MuleSoft-AI-Chain-Project / mac-vectors

MuleChain Vectors Connector
https://mulechain.ai/docs/mulechain-vectors/connector-overview
MIT License
1 stars 3 forks source link

[Suggestion] Adding different options for uploading files to a Vector Database #12

Open v-j-jpg opened 1 week ago

v-j-jpg commented 1 week ago

Hi everyone,

I've set up the MAC vectors connector and deployed it to Cloud Hub 2.0. While uploading the files, I noticed that the connector can only read files from a local file path. To do it, I needed to write my files to the /tmp folder in Cloud Hub and delete them after the upload. Example of the flow below:

image

It would be nice if the connector could offer to directly upload files from for example Azure/AWS bucket/Google Drive.
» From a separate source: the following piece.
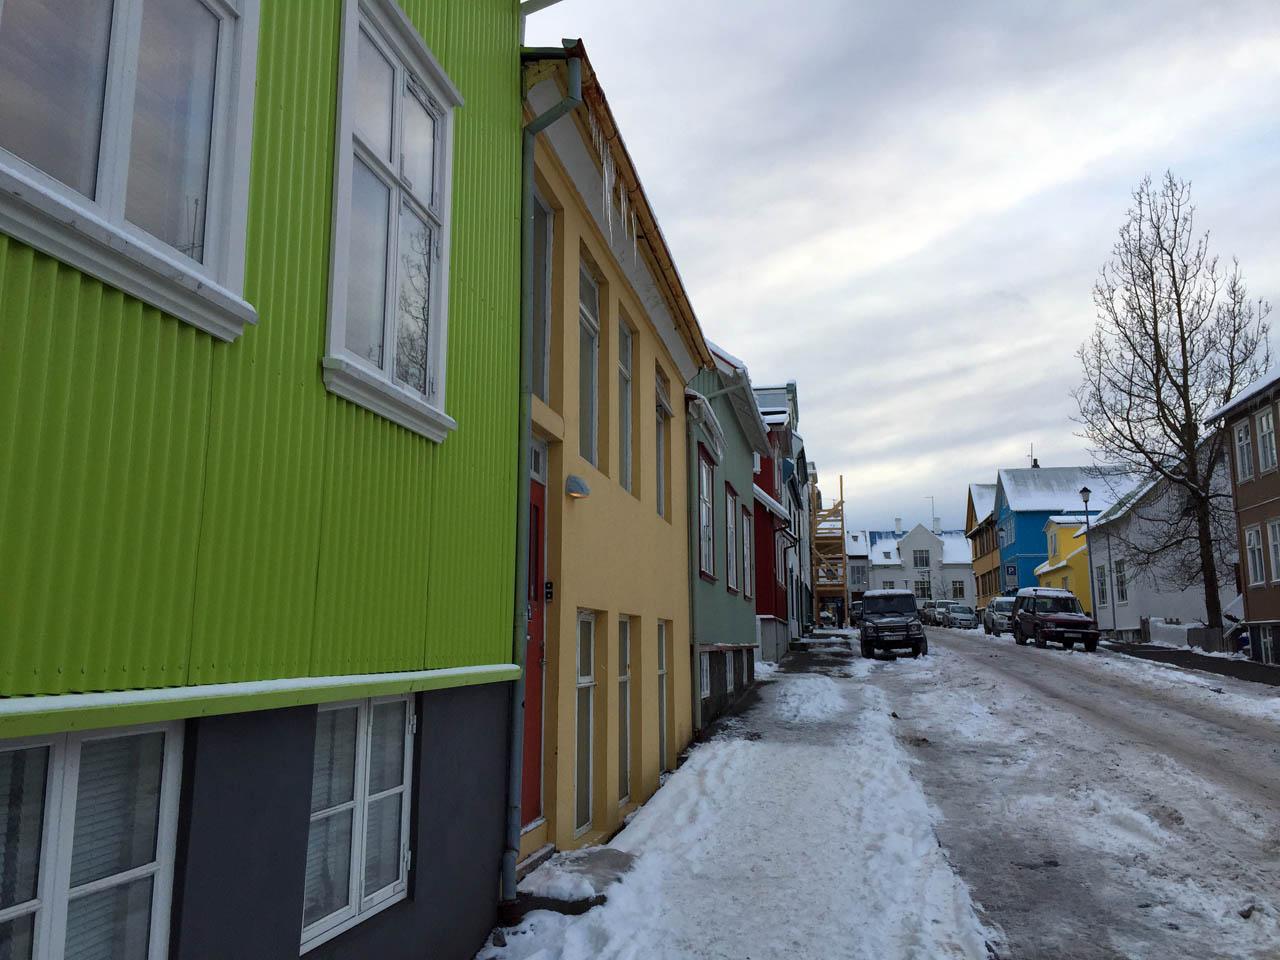 Reykjavik color

Since writing in the 'tmp 'folder has its limitations, and since you don't know how much free space there actually is and your files can sometimes be larger, you risk crashing the pod when it runs out of disk space

If the files are already in an S3 bucket the flow would look like this

image

which uses a lot of resources instead of loading the files directly

amirkhan-ak-sf commented 6 days ago

@v-j-jpg, @alick888 has implemented the S3 bucket file drop for MAC Vectors on the "add/S3" branch.

Would you mind testing it?